This invention relates generally to magnetic resonance imaging (MRI), and more particularly the invention relates to the correction of spatial distortion in magnetic resonance images due to magnetic susceptibility variations in an object being imaged.
Magnetic resonance imaging (MRI), is a non-destructive method for the analysis of materials and represents a new approach to medical imaging. It is generally non-invasive and does not involve ionizing radiation. In very general terms, nuclear magnetic moments are excited at specific spin precession frequencies which are proportional to the local magnetic field. The radio-frequency signals resulting from the precession of these spins are received using pickup coils. By manipulating the magnetic fields, an array of signals is provided representing different regions of the volume. These are combined to produce a volumetric image of the nuclear spin density of the body.
The term "stereotaxis" refers to a collection of neurosurgical techniques that apply simple geometric relationships to radiological studies thereby facilitating the treatment of certain disorders of the brain with great accuracy. Over the past decade computed tomography (CT) has been the primary mode of target localization in stereotaxic surgery. However with the advent of the high resolution, high SNR, fast MR scanners, MR is more frequently applied to stereotaxic surgery because of its superior soft-tissue contrast.

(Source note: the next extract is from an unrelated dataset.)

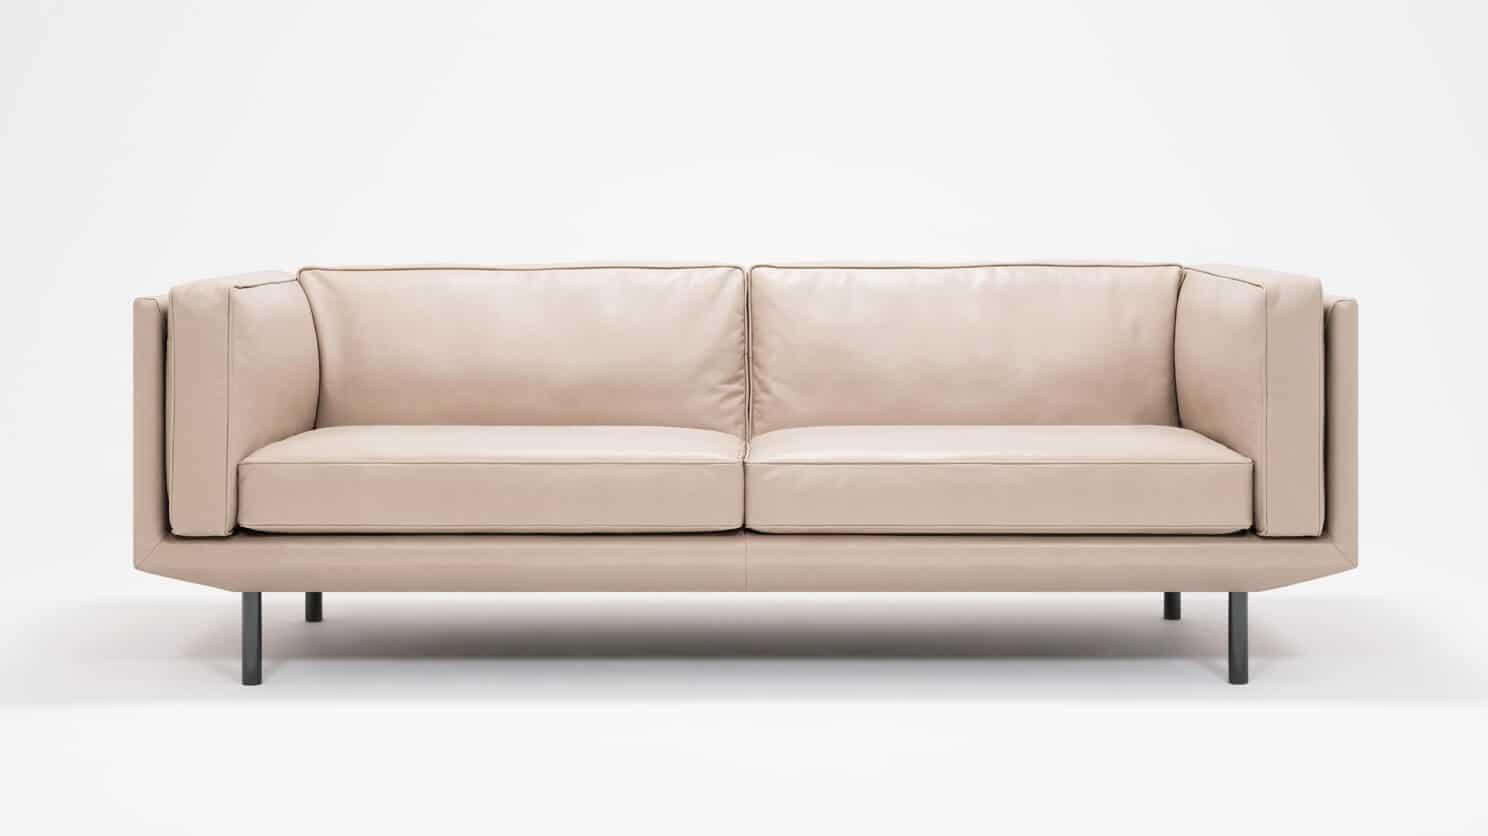 37154 01 01 sofa plateau 84 feather coachella warm grey front view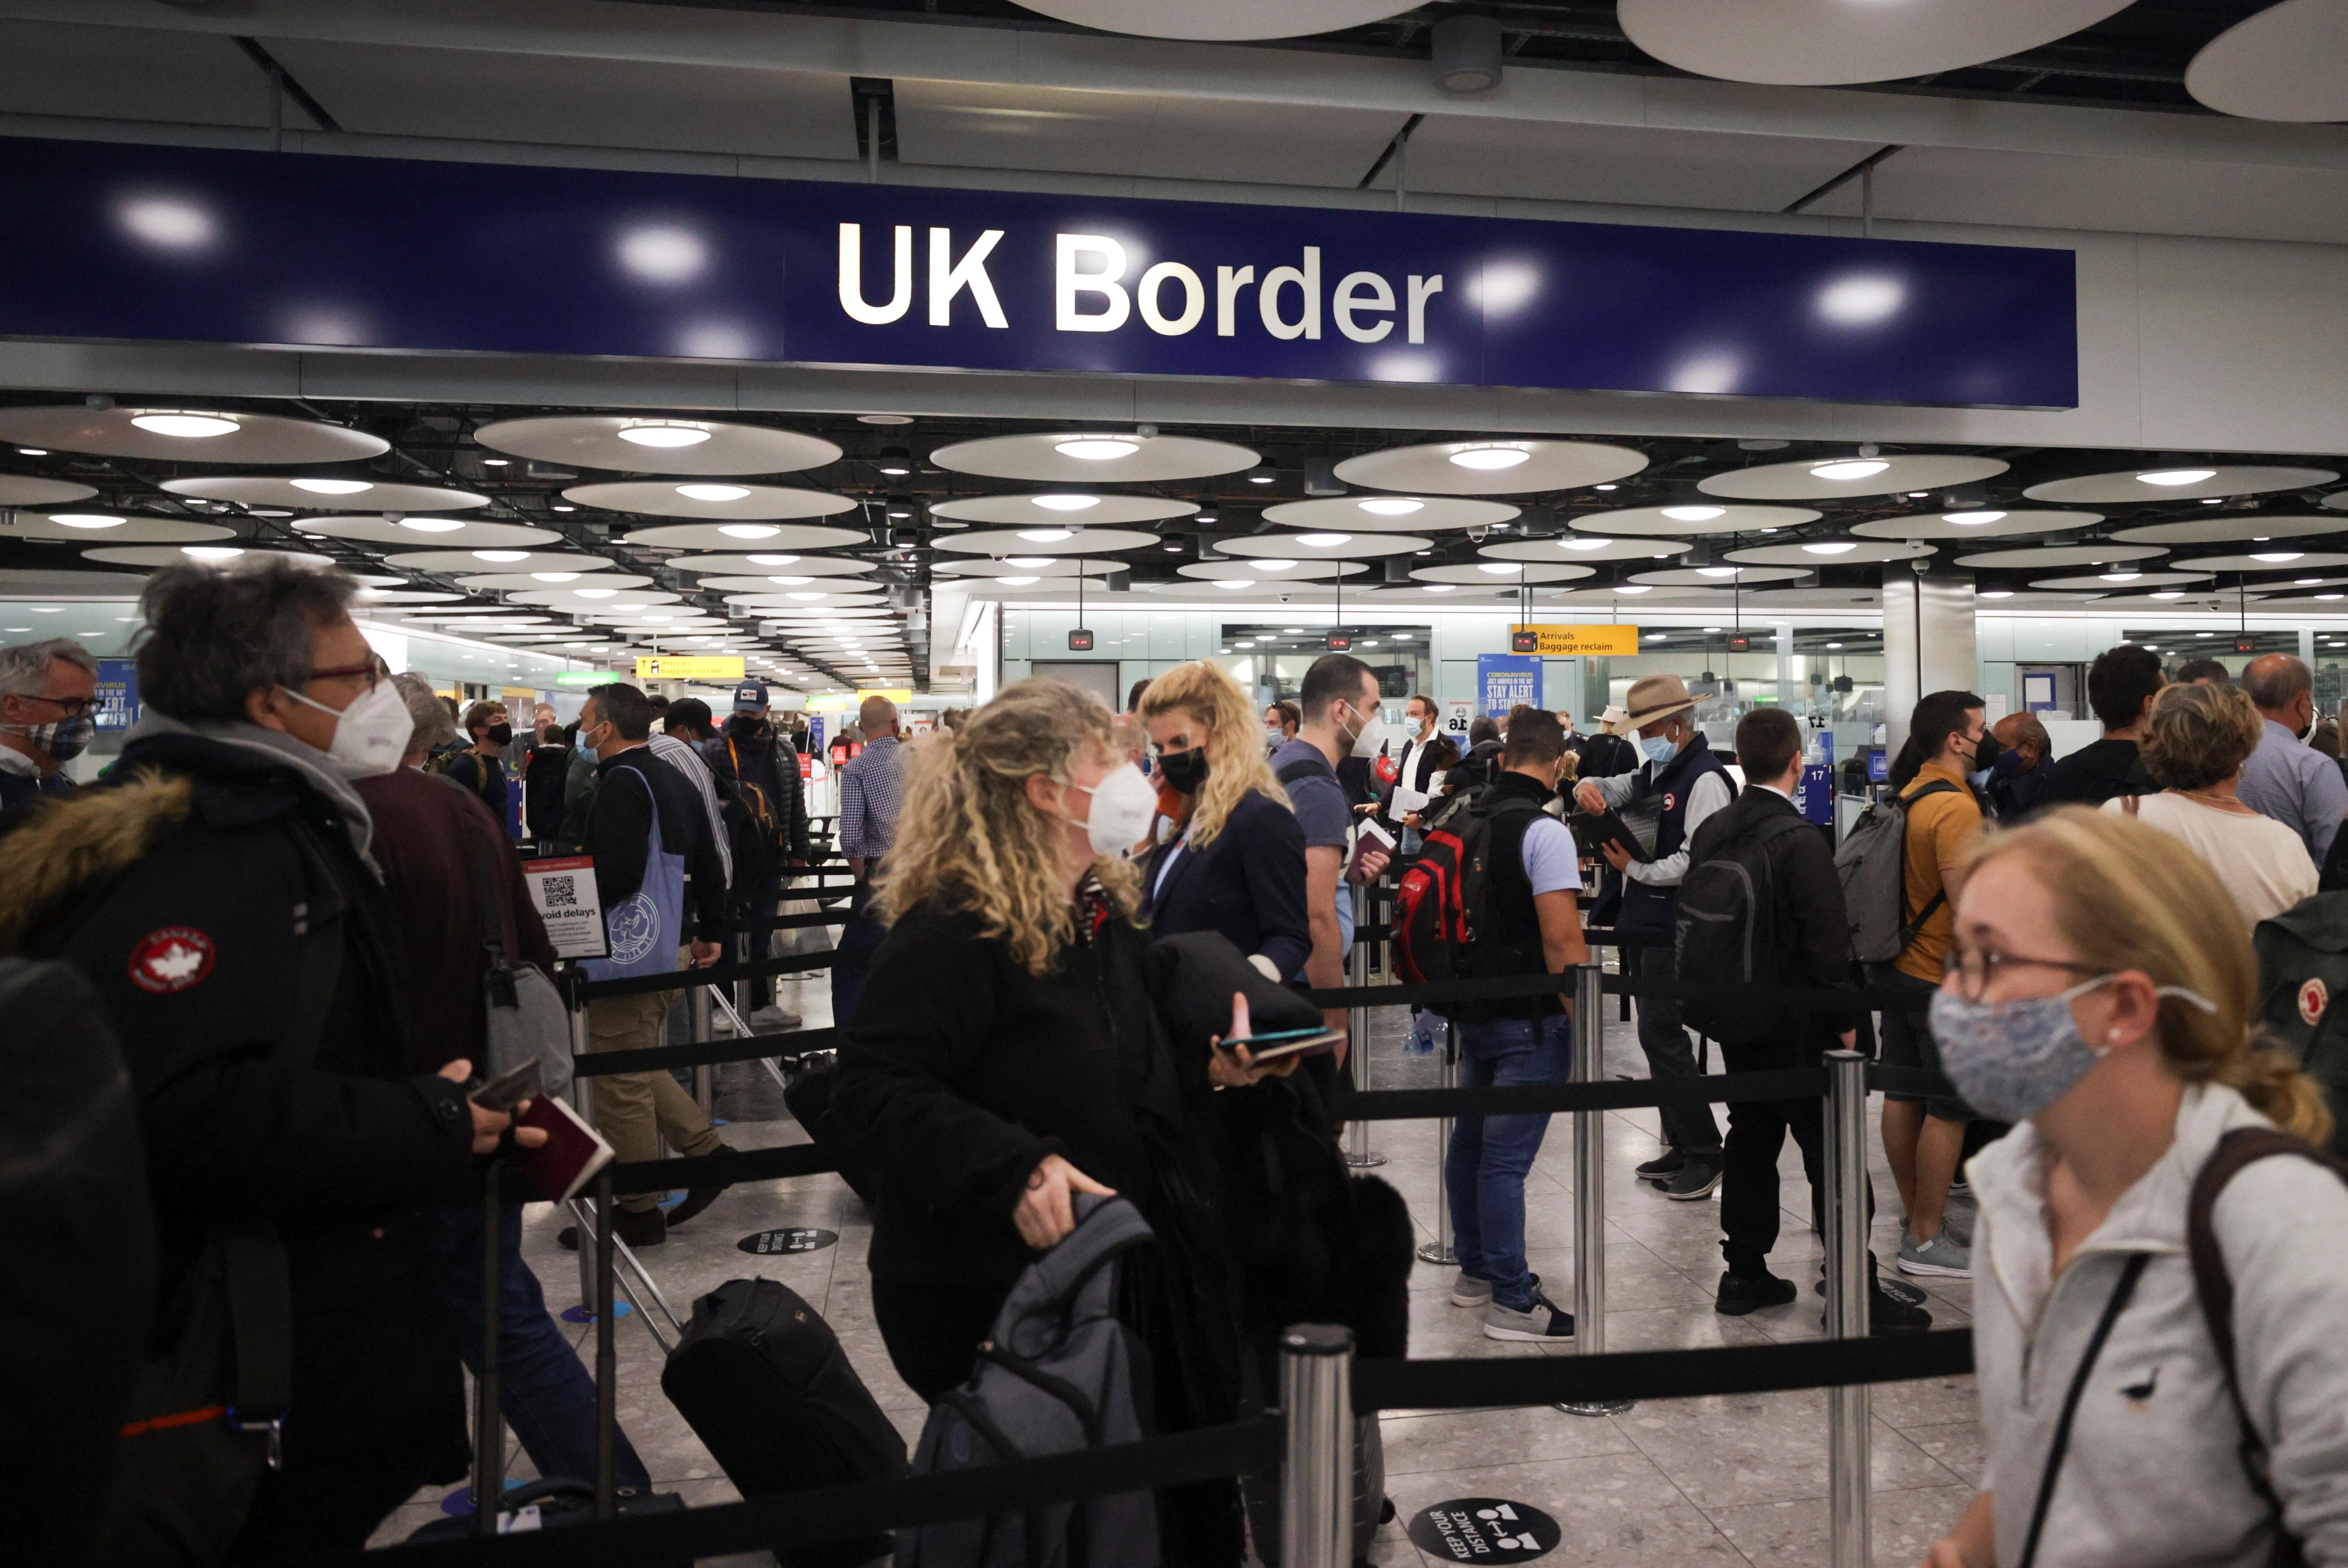 Arriving passengers queue at UK Border Control at the Terminal 5 at Heathrow Airport in London, Britain June 29, 2021. REUTERS/Hannah Mckay

Although Magnetic Resonance Imaging has proved to be useful in diagnostic radiology, it has yet to prove its utility in therapy for two major reasons. First, the geometric distortion associated with MR registration is quite significant. Second, present MR techniques are excellent in imaging soft-tissue and fat regions; but fail to image bony areas. In planning some surgical cases, the lack of bony detail in MR images is a disadvantage. Thus CT and MR provide useful information complementary to each other. As a result, there have been many attempts to combine the two modalities. Most efforts in multimodal image merging including MR have ignored the geometric distortion inherent to MR.
Misregistration due to magnetic susceptibility differences is by far the most complex source of error. It is dependent on both the material present in the imaging volume and the shapes of the structures being imaged. Usually such structures consist of inhomogeneous and anisotropic material. Although there have been recent attempts to characterize the fields inside the head by finite element analysis of Maxwell's equations, in general it is difficult to predict the amount of distortion accurately using such schemes. The magnetic properties of the human body are difficult to estimate and vary considerably depending on the factors such as the water content. Cho et al., "The Total Inhomogeneity Correction Including Chemical Shift and Susceptibility by View Angle Tilting," Medical Physics, Vol. 15, Jan./Feb. 1988, have proposed a clever method to correct the susceptibility distortion using view angle tilting by adding a compensation gradient. In practice however, difficulties arise due to bandwidth limitations of the gradient amplifiers. In addition, Chang and Fitzpatrick, "Geometric Image Transformation to Compensate for MRI Distortions," SPIE Medical Imaging: Image Processing, Vol. 1233, pp. 116-127, 1990, have presented a differential equation approach to correction of MRdistortion with the assumption of C.degree. continuity in the image profile.